── Source data

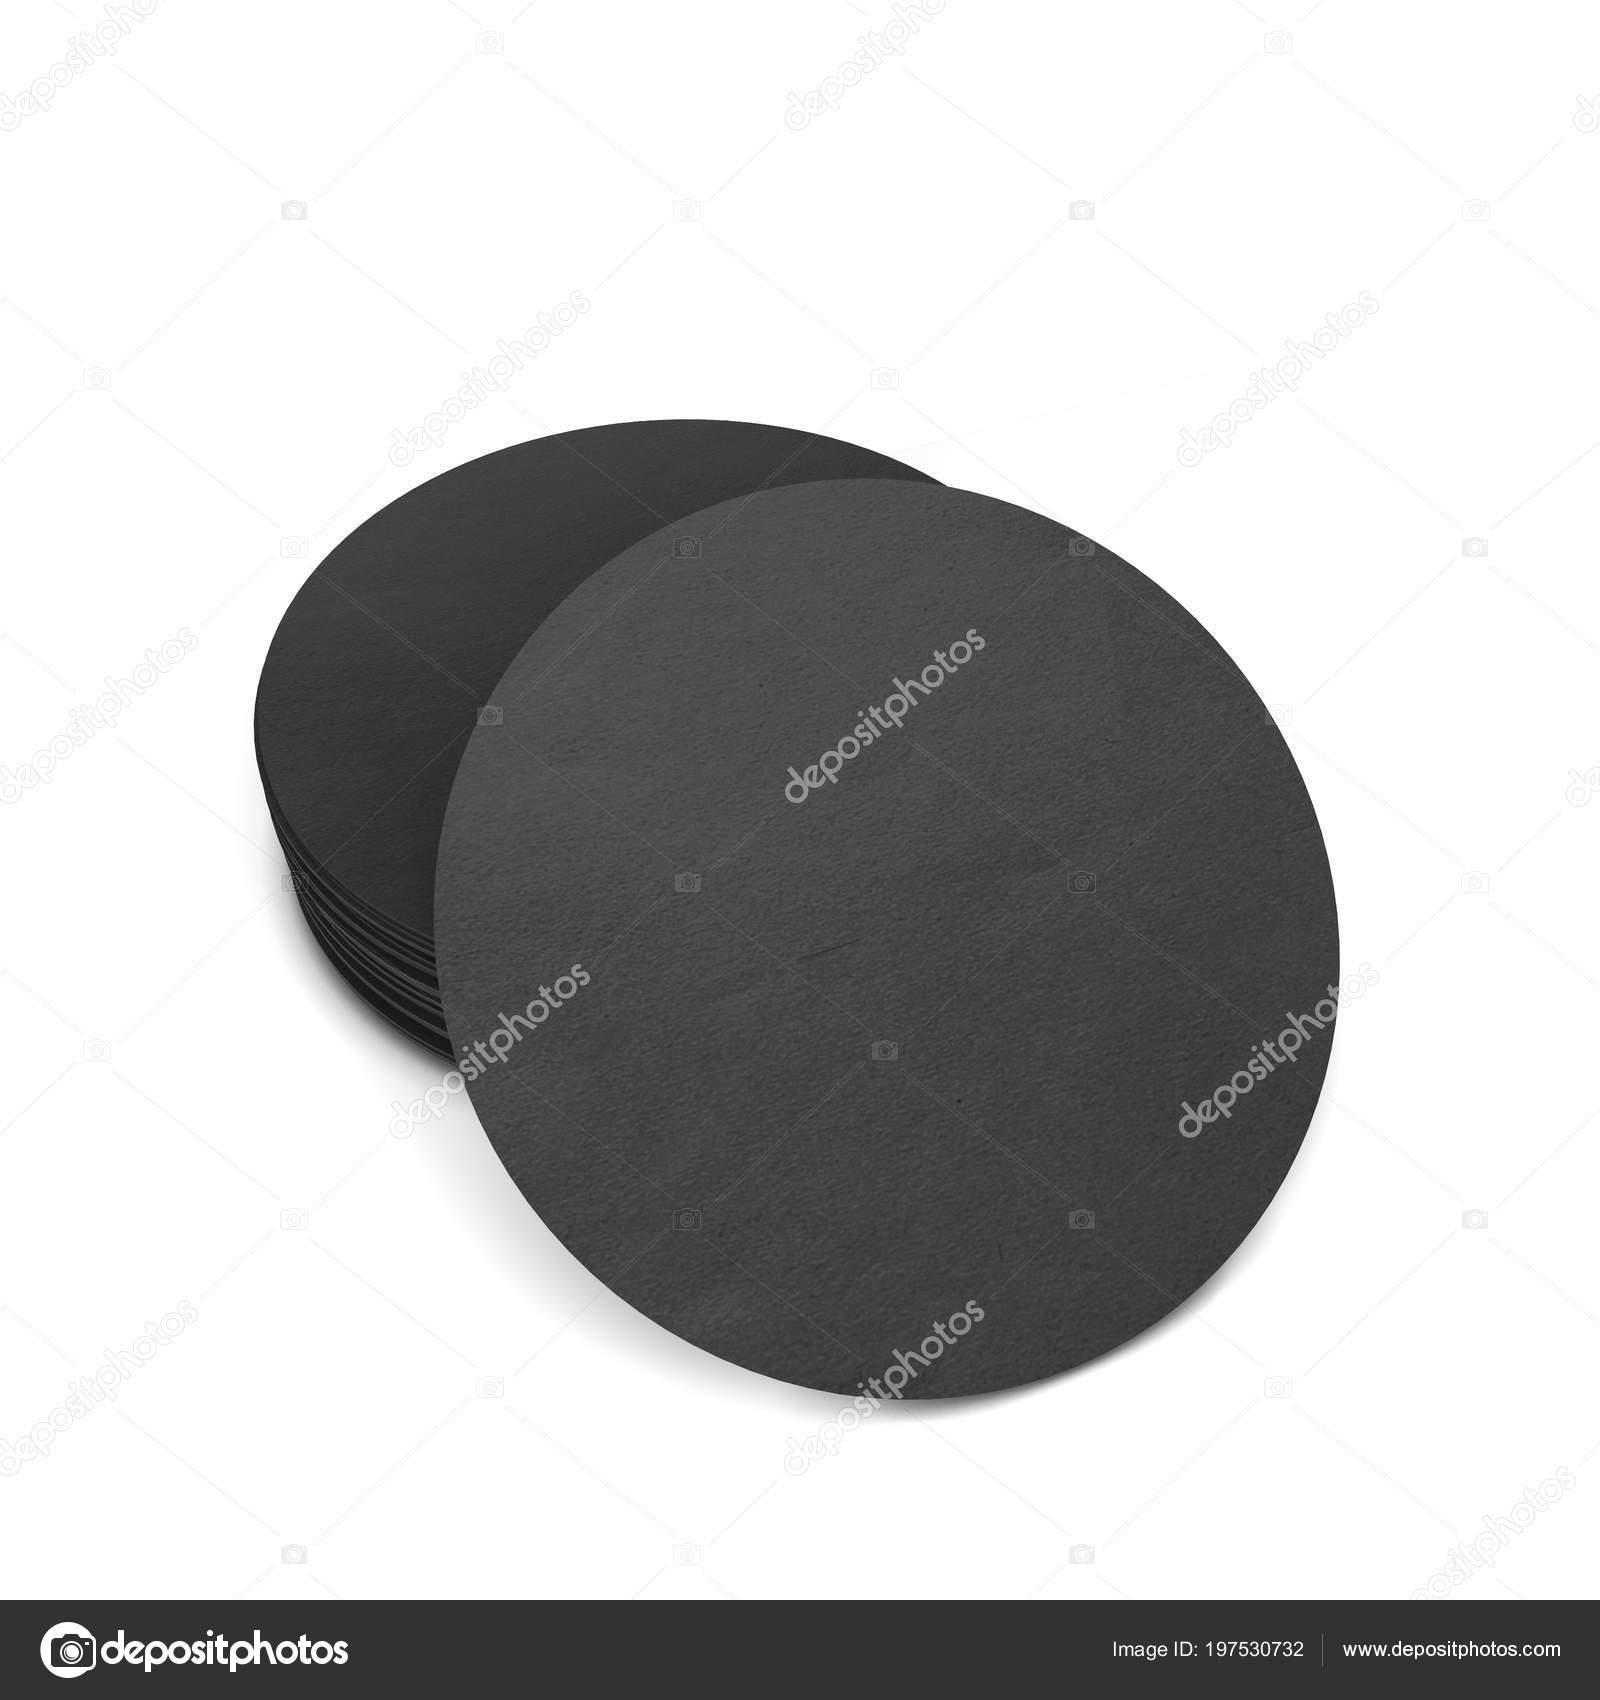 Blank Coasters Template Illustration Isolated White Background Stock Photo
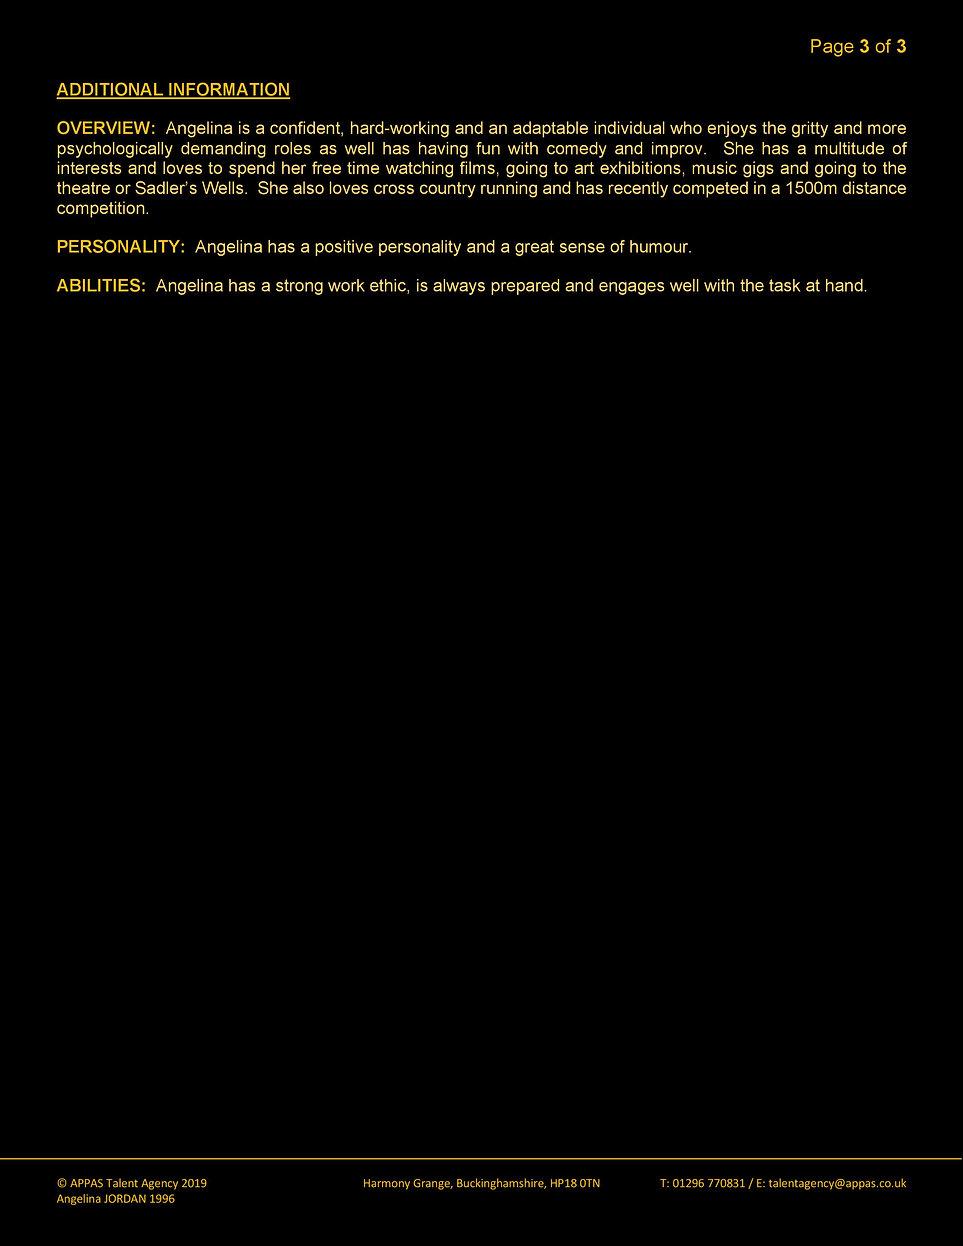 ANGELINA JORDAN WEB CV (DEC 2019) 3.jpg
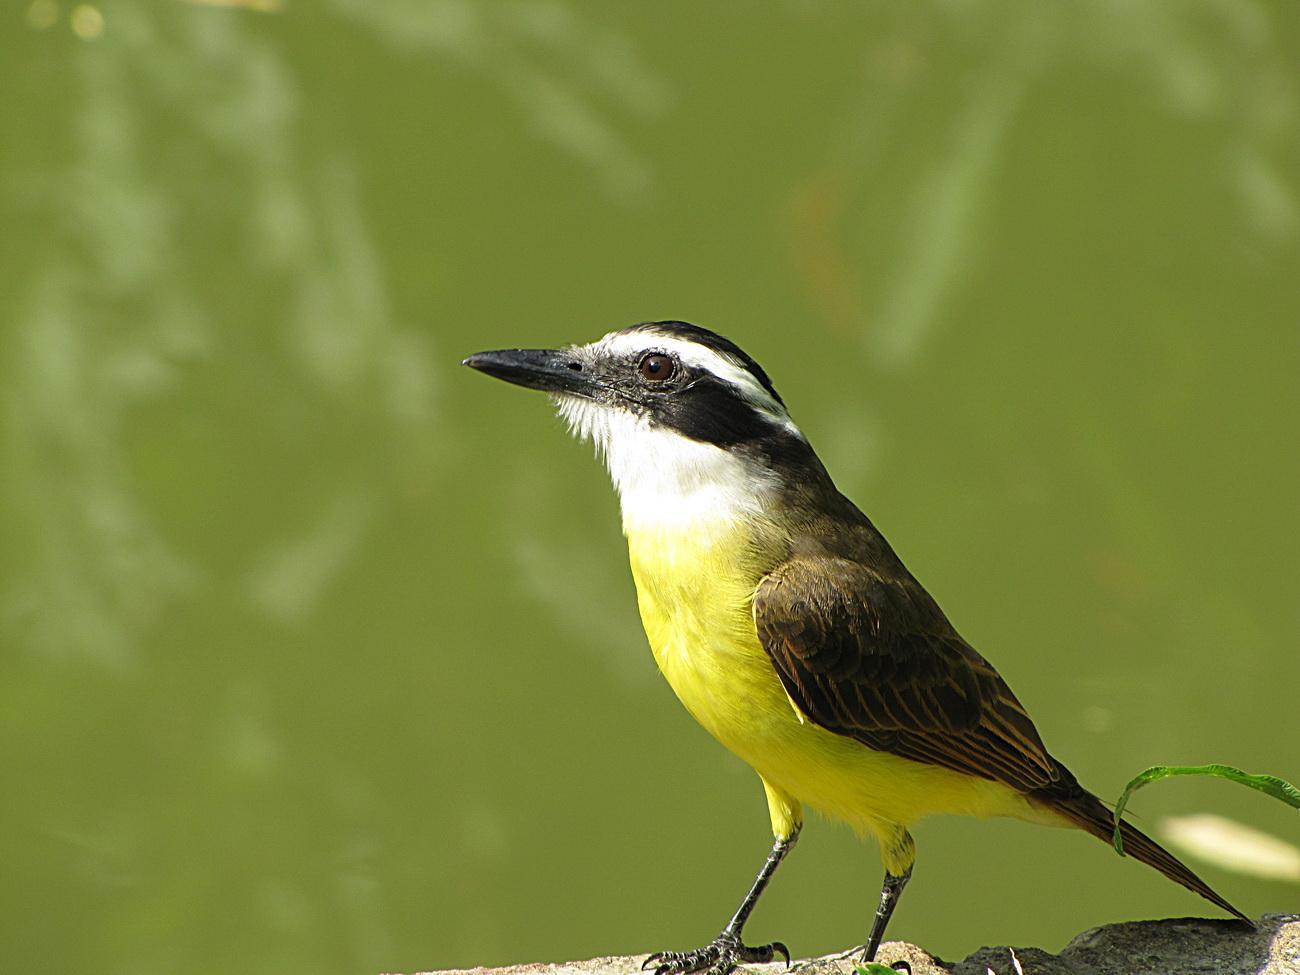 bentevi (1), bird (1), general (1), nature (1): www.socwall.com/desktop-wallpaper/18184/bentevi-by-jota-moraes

────

What the task asks: Word for word, restate the material above; do not carry over the pictures.

Result below:
 Blank Coasters Template Illustration Isolated White Background Stock Photo
 ANGELINA JORDAN WEB CV (DEC 2019) 3.jpg
 bentevi (1), bird (1), general (1), nature (1): www.socwall.com/desktop-wallpaper/18184/bentevi-by-jota-moraes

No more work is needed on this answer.